YOUR OBJECTIVE – Return only the lines below starting at the line containing "Yoskine Slim Shock" and ending at the line containing "официальный сайт музея обуховского завода", both included, exactly as they are and with no pictures.

EXERCISE MATERIALS –
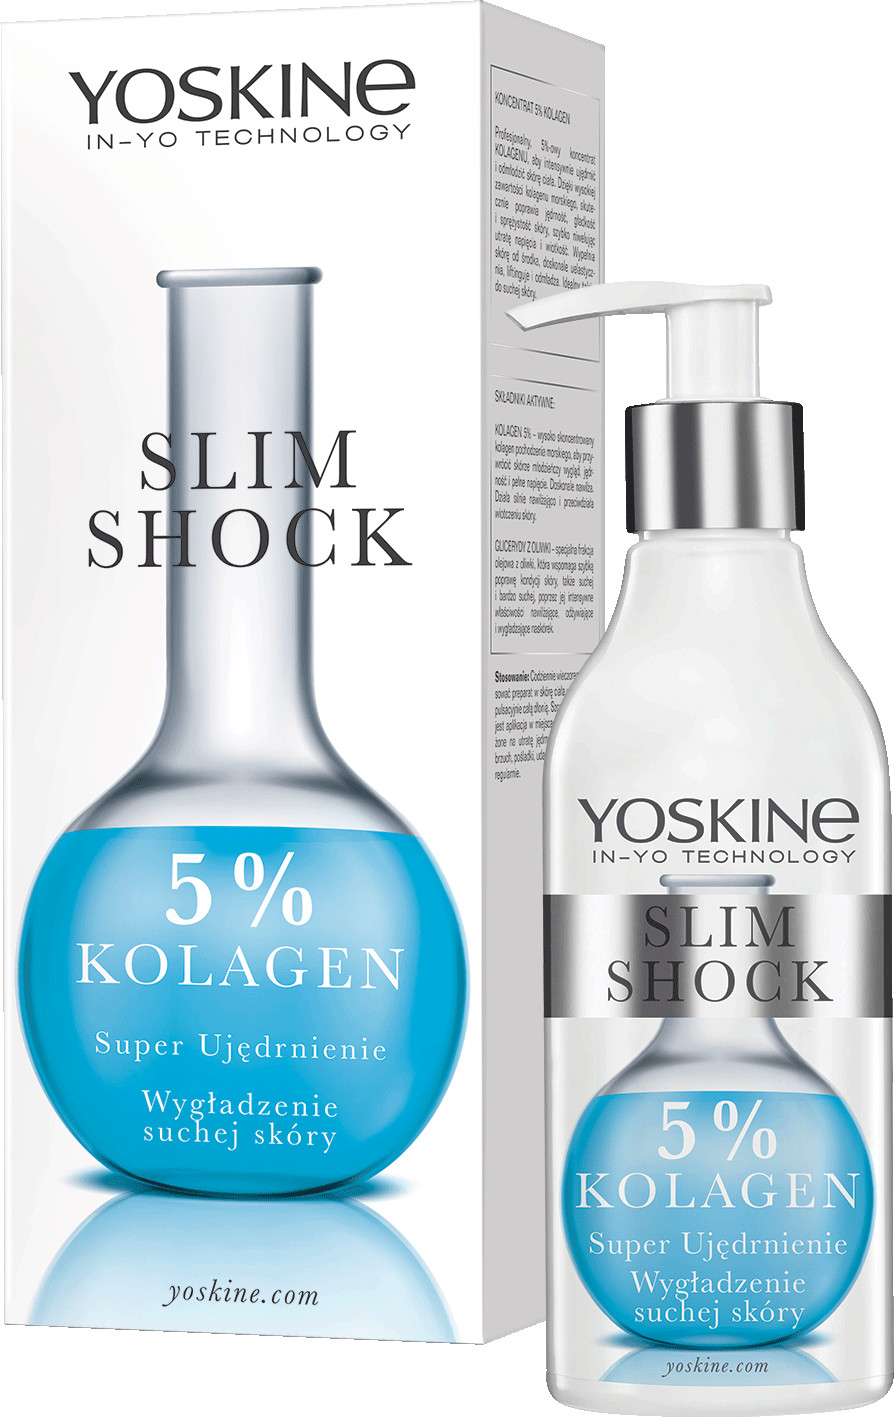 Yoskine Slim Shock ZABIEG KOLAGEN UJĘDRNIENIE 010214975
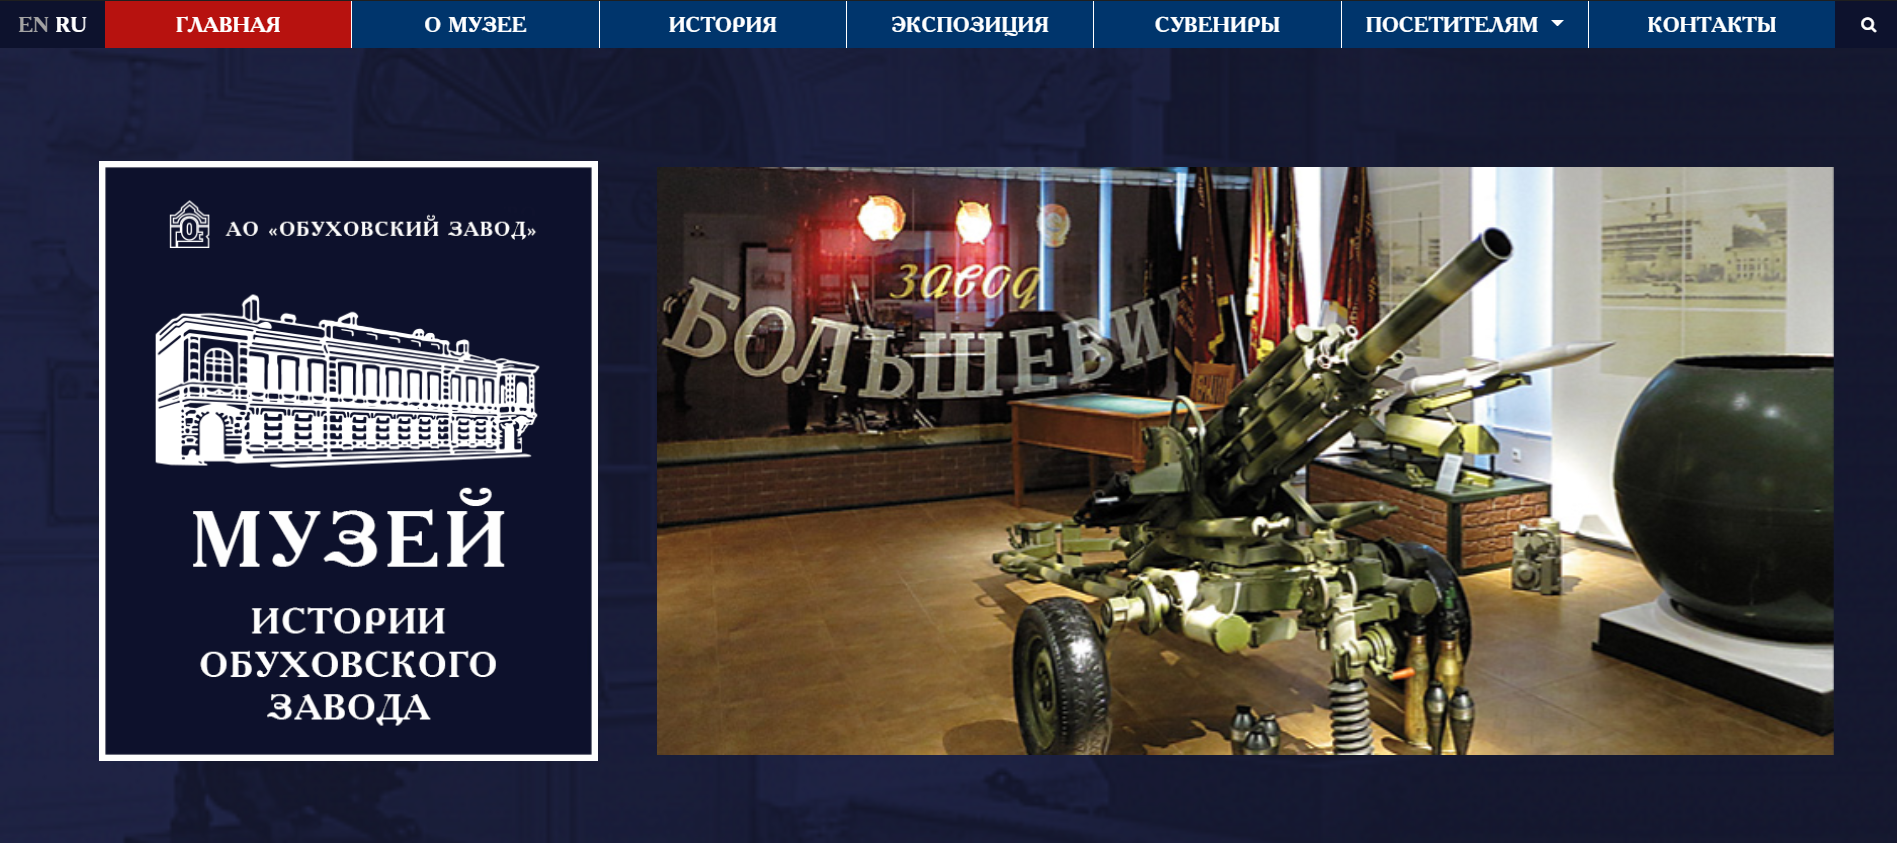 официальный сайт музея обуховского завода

--

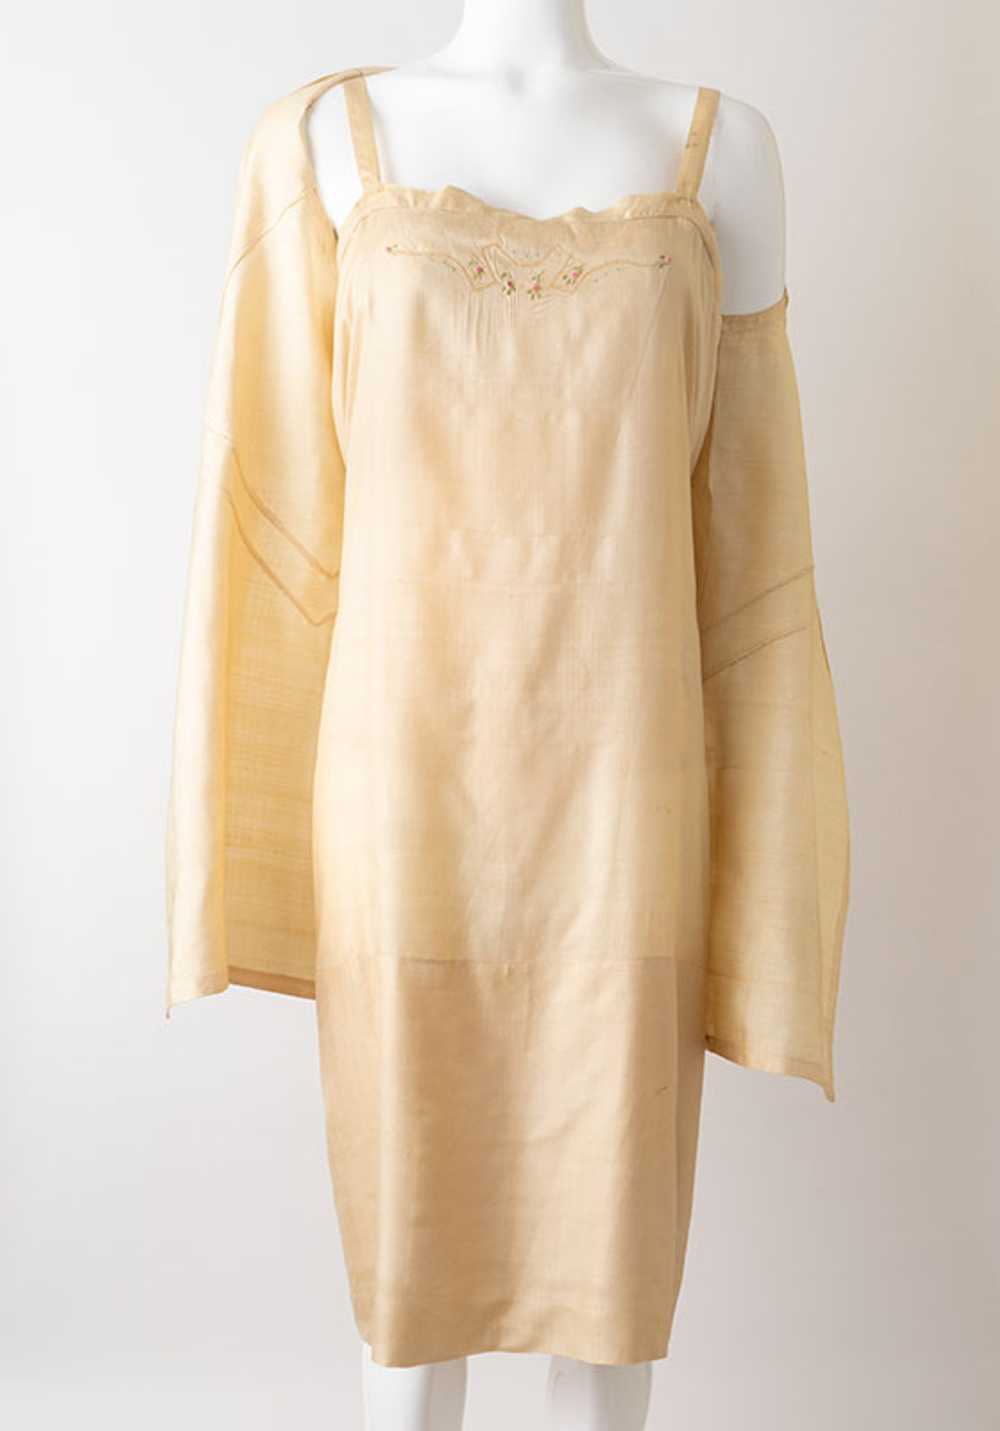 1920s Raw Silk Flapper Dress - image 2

ANSWER FOR THE TASK –
 Yoskine Slim Shock ZABIEG KOLAGEN UJĘDRNIENIE 010214975
 официальный сайт музея обуховского завода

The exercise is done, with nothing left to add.